Many real estate investors are involved in multiple properties and use leverage in their purchases. When deciding on the viability of an investment, one of the measures used is the expected Return on Equity in the first year.
If two properties are similar, the one which will produce the best first-year return may be the better short-term investment. To find out, you must determine the Cash Flow After Taxes (CFAT). For this example, we'll assume a CFAT of $11,000. The cash invested in acquiring the property, for instance as a down payment, represents the next piece of the equation. Let's say the buyer put down $170,000. We must then divide the CFAT by the cash invested to calculate the return on equity:
$11,000 / $170,000 = .065 or 6.5%
You might use a real estate financial calculator to check the math for this and other calculations when buying a property.
Rental property investing is a great tool to build wealth. The rental property investor wants two things primarily: 1) monthly positive cash flow, and 2) value and equity appreciation.
Rental Property Trends
The demand for rental housing has been growing as have rents and in 2018, more people in the U.S were renters than homeowners. That trend is expected to continue. Millennials, the likeliest first-time home buyers, are delaying the start of families and homeownership because they are still paying off record levels of student loan debt after graduating into a recession that stalled their earnings.

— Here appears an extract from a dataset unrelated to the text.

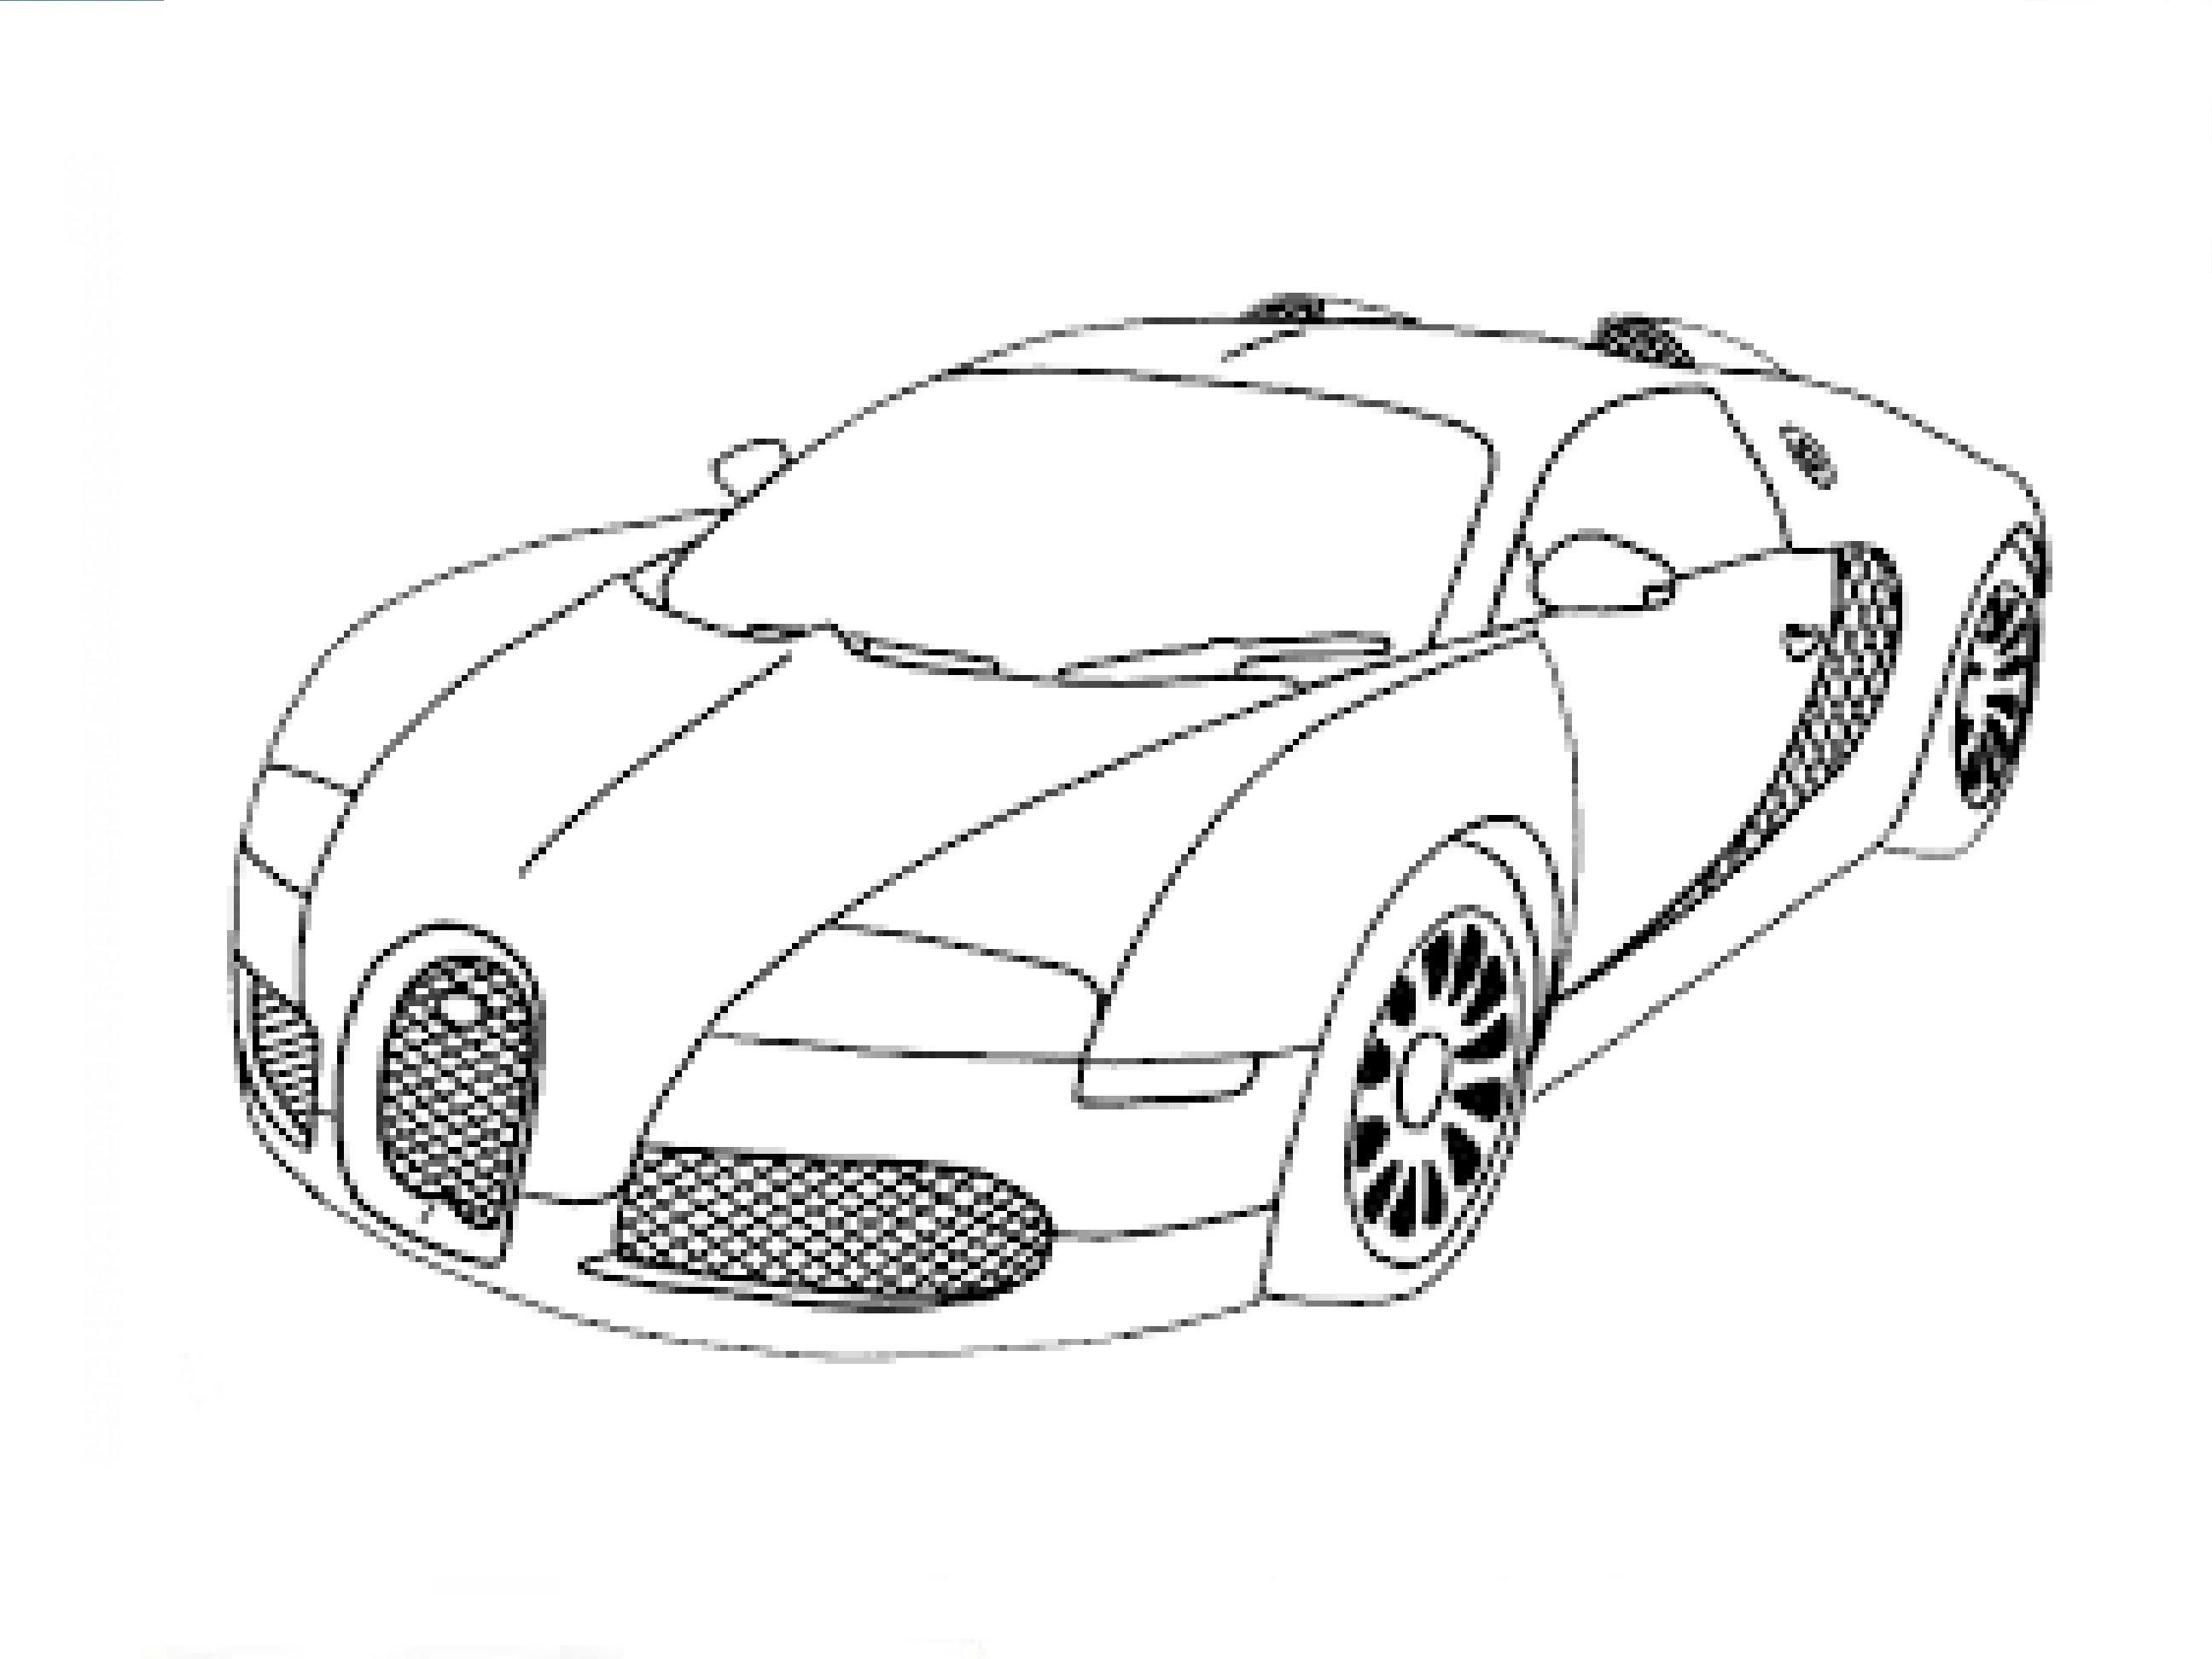 3d Car Drawing At Getdrawings
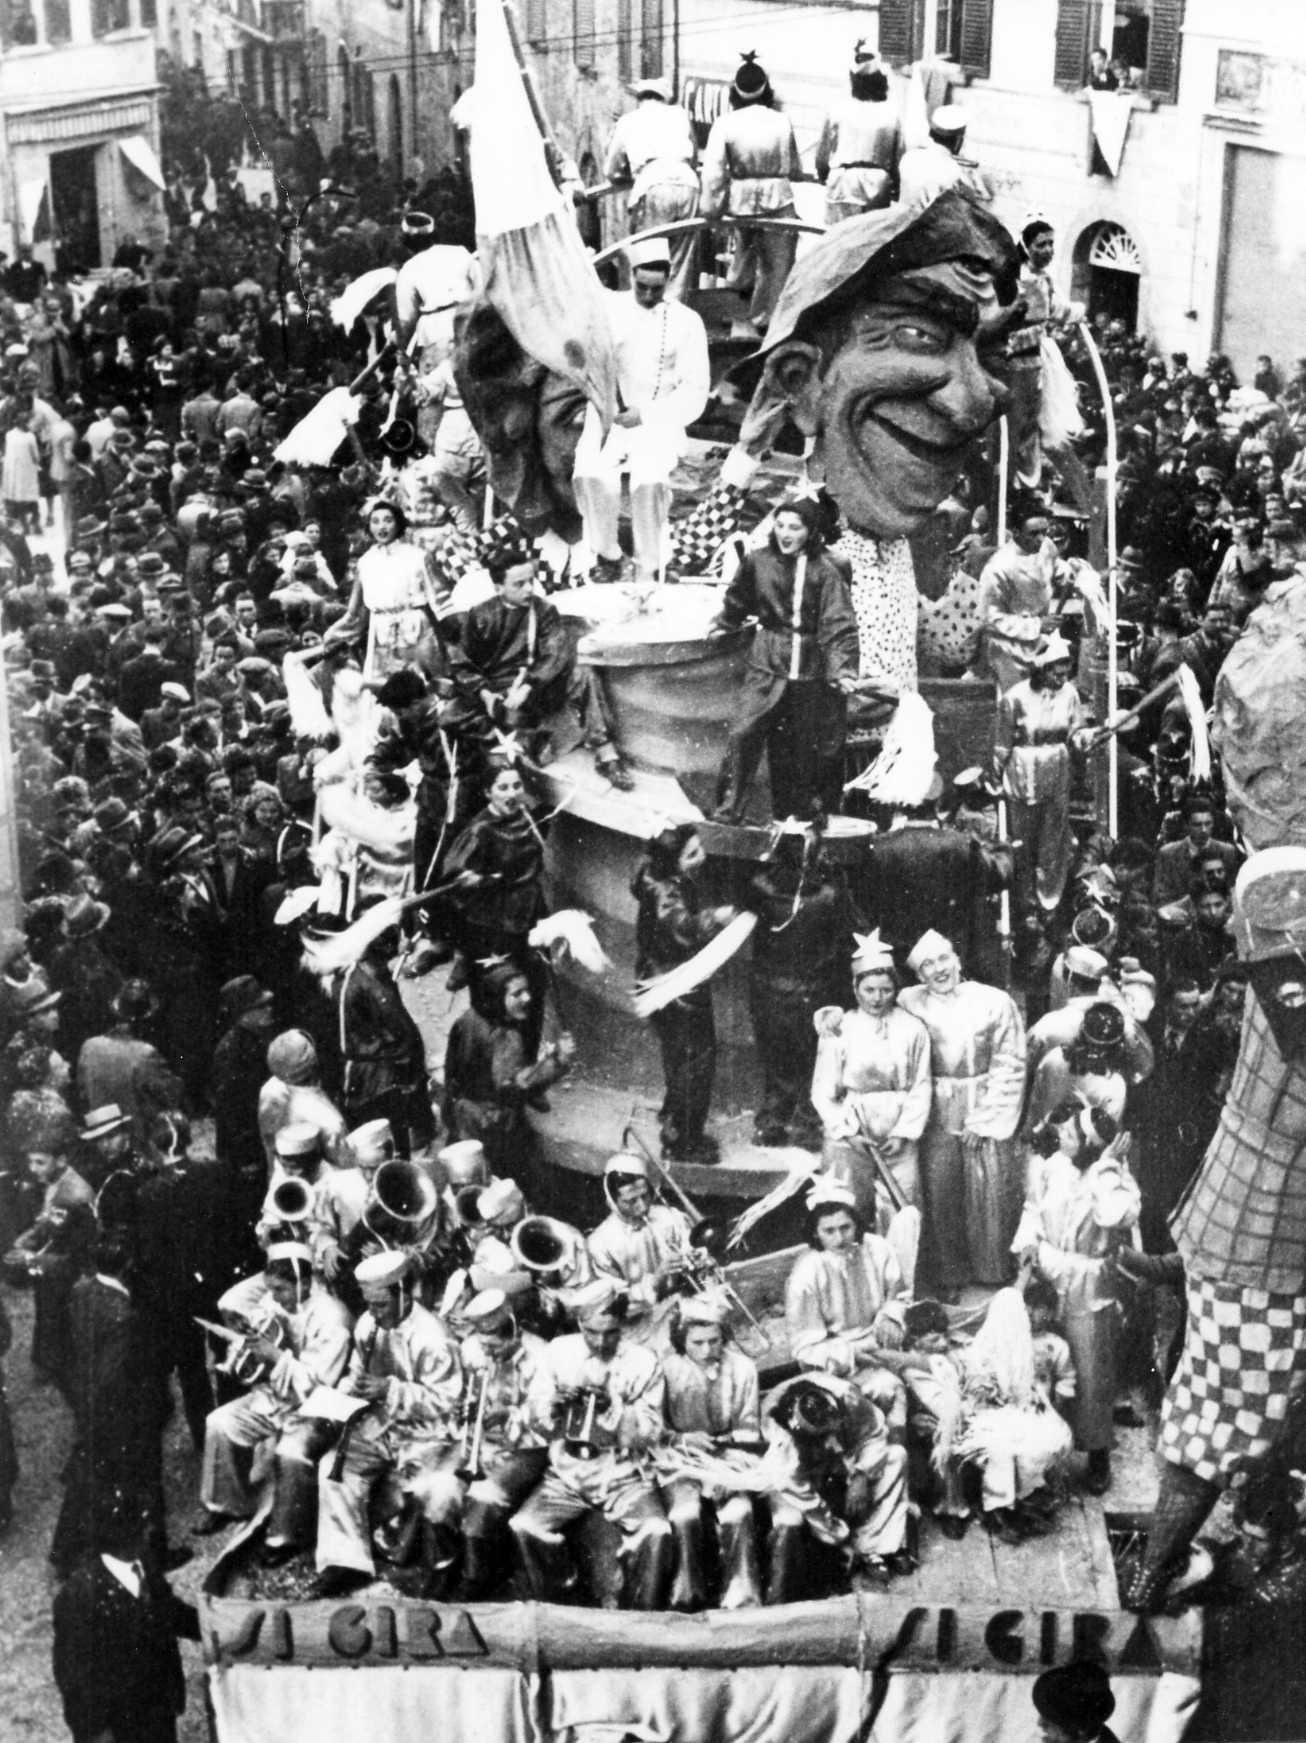 SI GIRA-1939

The biggest challenge now is to find bargains, especially if looking for ready-to-rent properties. As rental demand increases, it's possible to raise rents, resulting in better cash flow.
Cash Flow & Benefits
Real estate investment has some advantages not afforded to the stock market or bond market investor. Mortgage interest, taxes, and insurance are deductible against rental income. Also deductible are operating expenses such as repairs, maintenance, trash collection, water and sewer, management fees, taxes, insurance and more,
The Tax Cuts and Jobs Act (TCJA), which took effect for the 2018 tax year, places restrictions on deductible interest for homeowners. These changes, however, do not affect rental real estate, unless it is owner-occupied. There's still an annual write-off for depreciation calculated over 27.5 years. What's more, the TCJA allows up to twice the Section 179 deduction in the first year, if these deductions don't create a net loss on the investment. The 1031 Tax Deferred Exchange can be used to push forward capital gains taxes if the rules are followed for selling one property at a profit and rolling the money into another property.
Equity and Debt Pay-down
History has proven that in the long run, the odds are that a property's value will increase. As you pay your mortgage down, you're building equity as well, That means when you decide it's time to sell, there should be a reward on that end, too.